Part of the copper valve body is relatively complex and cannot be formed using ordinary Half molds or upper and lower flat molds. This may cause cold insulation or folding inside the valve body, especially for materials with poor fluidity. If forging is used, half mold or flat mold should be adopted to achieve a forging die without inherent quality risks. The new red punch die mentioned in this article can meet the requirements for forging for this type of valve body.
3. Preliminary improvement plans
In view of the difficult molding of arsenic brass or silicon brass due to poor flow, appropriately control the contents of copper elements, arsenic elements and silicon elements within a certain range, and minimize the impurity content. At the same time, control the hardness of the raw material copper to 100 to 105HB, not exceeding 120HB, or it will aggravate the risk of cracking at the end of the valve body. When heating the red punch, appropriately set a red punch temperature of 650°C to 680°C, which is beneficial to forging. The pass rate of the forged valve body can be higher by taking these modification measures, but it cannot fundamentally eliminate serious inherent cold isolation.
Taking advantage of the different flow properties of the material, the restrictions on the material flow caused by the up-and-down core-pulling of Half mold were analyzed, and the structure of the closed up-and-down flat mold was improved, as shown in Figure 3. If you need to forge a more complex Y-shaped valve body as shown in Figure 1, place the copper rod directly in the middle or upper part of the mold cavity.

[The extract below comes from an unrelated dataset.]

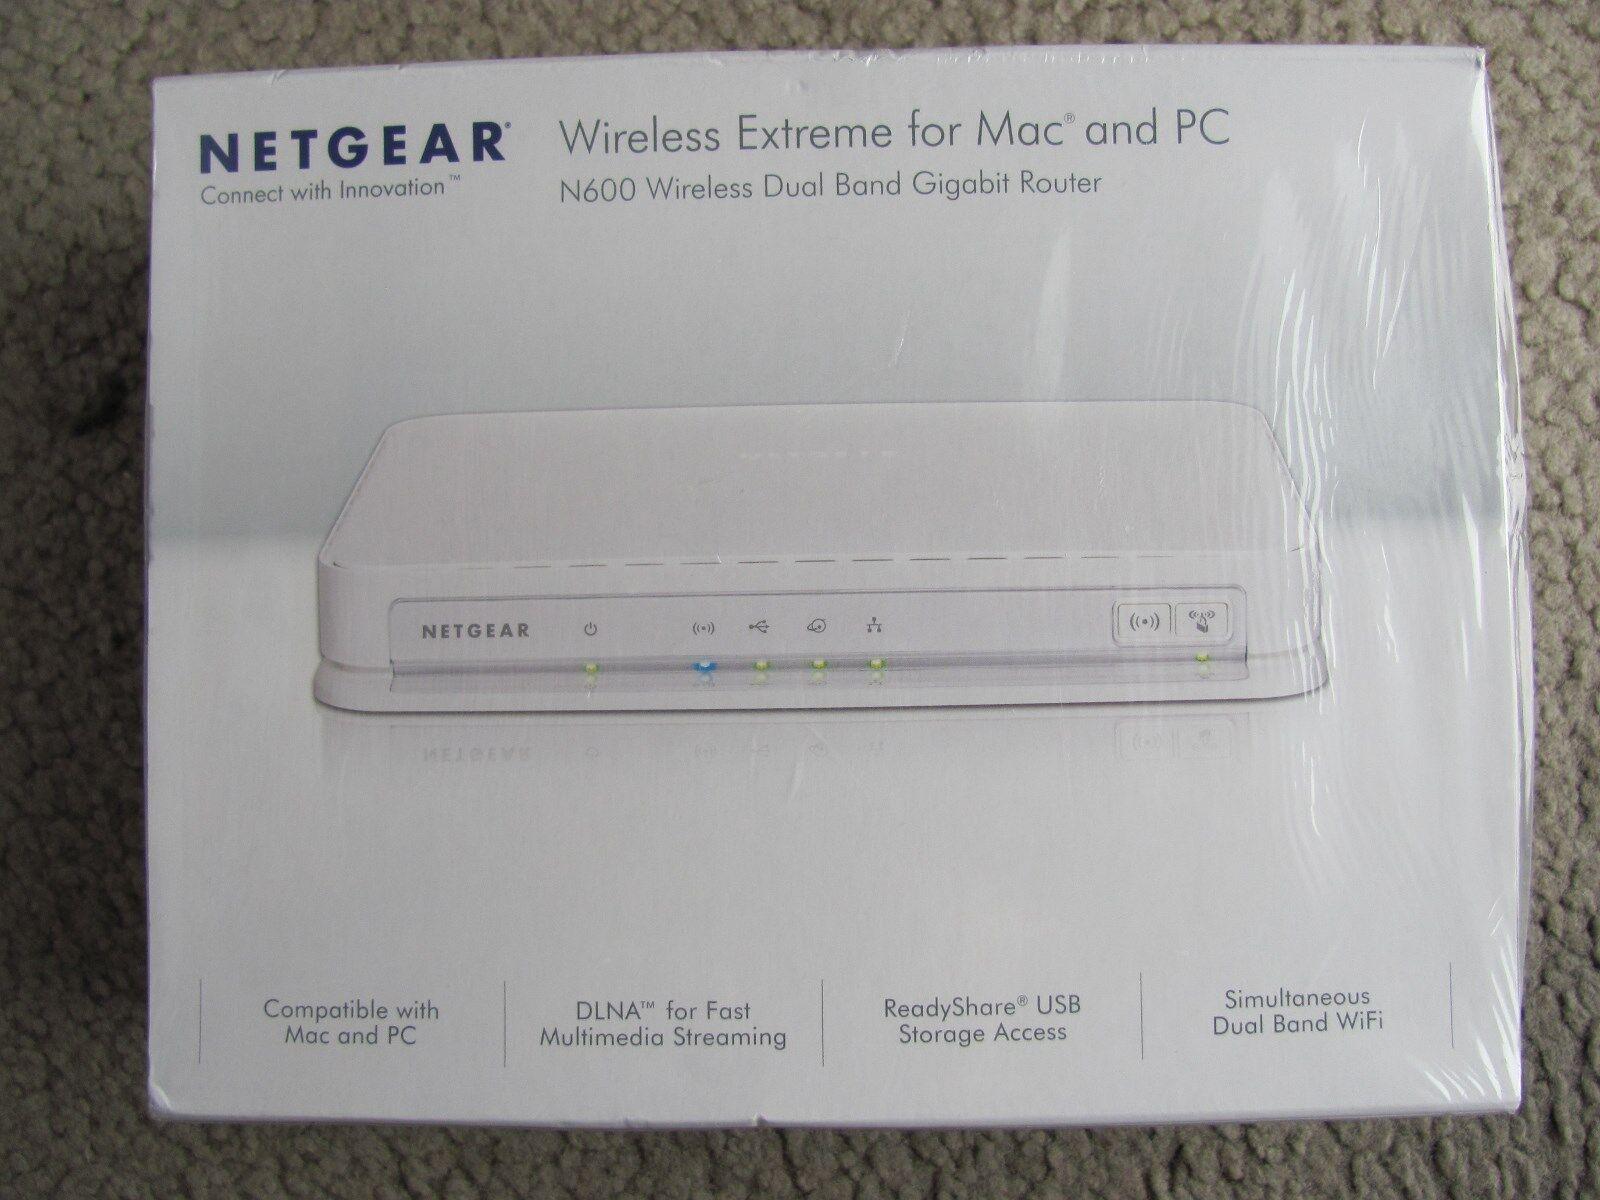 Netgear WNDRMAC 300 Mbps 4-Port Gigabit Wireless N Router (WNDRMAC ...

During stamping, the pressure will squeeze the material to all sides. This method will reduce the impact of small sizes of the middle part of the Y-valve on the raw material copper rod. Extruding the material through pressure on the entire shape requires continuous testing, analysis and adjustment of the diameter and amount of raw material until the most reasonable copper rod size is achieved to control the thickness and length of flash, thereby avoiding defects such as folding caused by excess material flanging to the outer surface of the valve body in the extrusion process.

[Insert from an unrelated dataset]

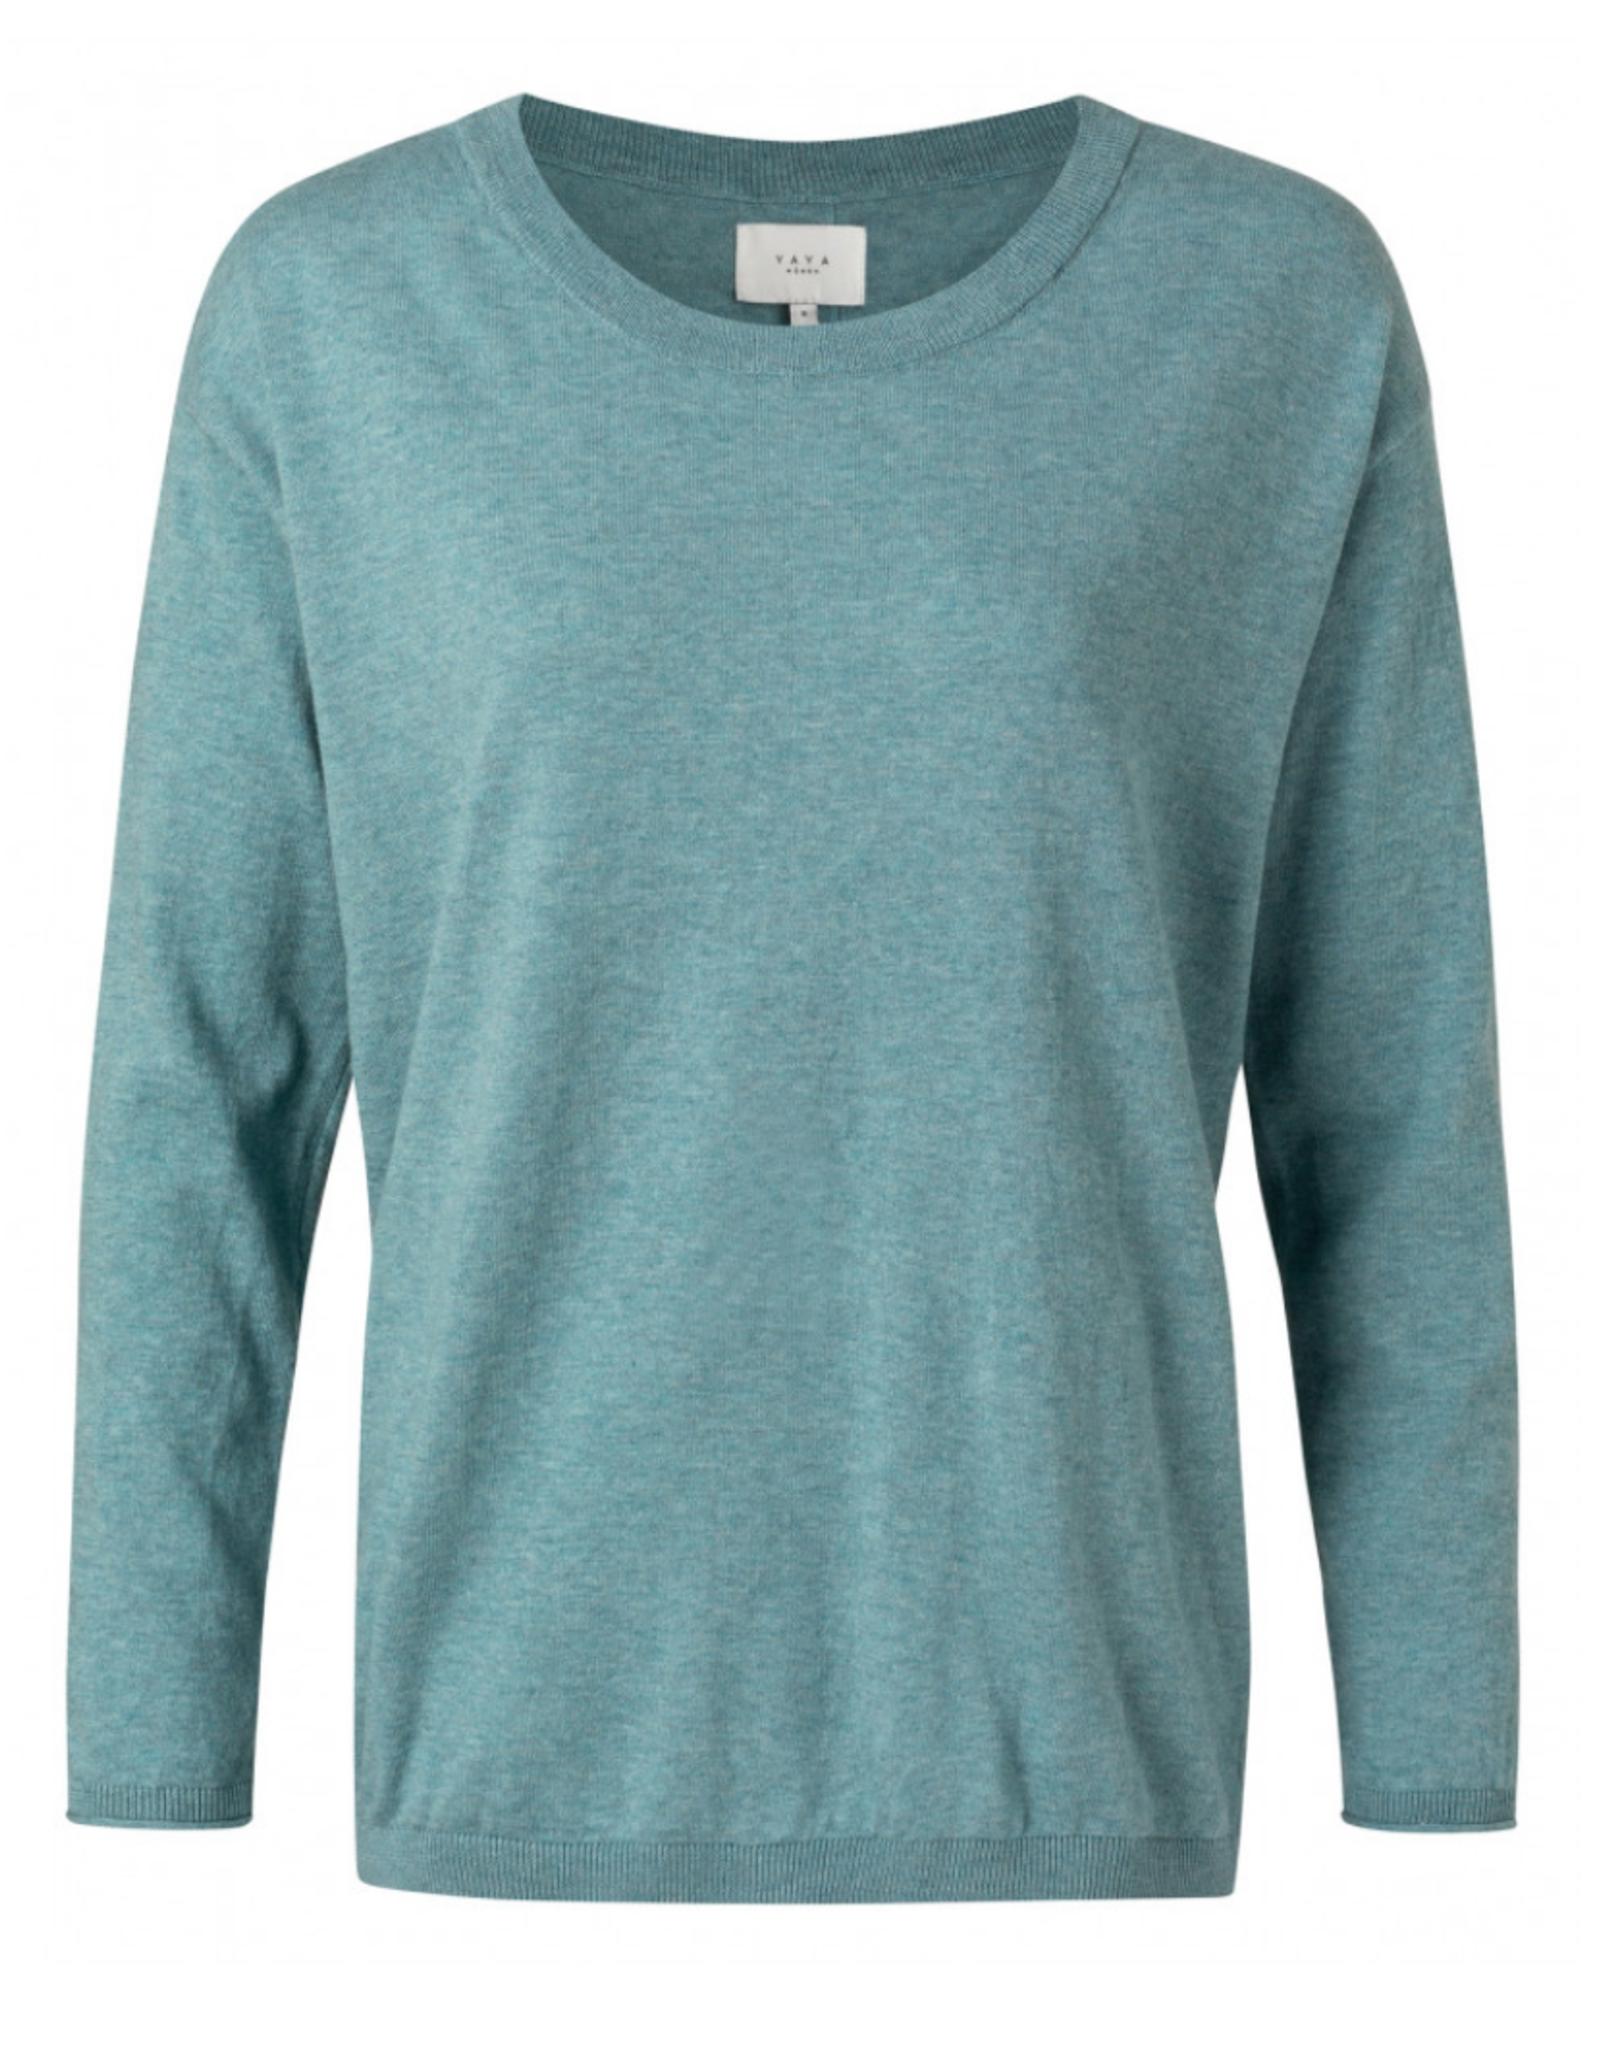 Yaya Sweater w/ Back Buttons Rainy Sky

This upper and lower flat mold is also called a semi-open flat mold, and the materials used need to be strictly controlled to avoid folding caused by excessive flash. Judging from the current test results, the semi-open flat mold can only be used for brass with relatively low copper content (57.0% to 59.0%) and good fluidity, such as HPb59-1, HPb58-2, HPb59-3 , C37700 or CW617N. Otherwise, defects such as cold insulation or folding may occur from time to time as shown in Figure 2.
For more complex Y-shaped valve bodies made of special arsenic brass or silicon brass, the space of the mold cavity is improved based on the semi-open flat mold, and a certain area outside the valve body roughness is milled. Leave more space for flash and remaining materials, as shown in Figure 4 and Figure 5. This type of mold structure is also called a fully open flat mold. In the forging or red punching process, the remaining material can be directly discharged into this space to avoid the raw material remaining in the mold cavity being flanged and folded on the surface or end face of the valve body due to insufficient space for material running, the hidden quality hazards of the cold insulation that cannot be discovered after processing or destruction testing, and ensure the forging time cycle of the valve body.
4. Effective improvement plans
Figure 4 Open upper and lower flat molds
Figure 5 The fully open upper and lower flat mold
5. Conclusion
The commonly used Half mold can meet the requirements for the forging of valve bodies and valve bonnets with simple shapes. The semi-open flat mold can be used for the forging of brass valve bodies and valve bonnets with more complex shapes that require good material fluidity. However, the fully open flat mold can be used for forging special brass with a complex appearance and structure and poor investment fluidity. Although the raw material investment is great and the internal processing allowance is great, it can fundamentally solve the problems of serious defects of other forging methods like cold insulation. The is also a significant improvement from casting to forging. It is a leap in the upgrading of current forging molds.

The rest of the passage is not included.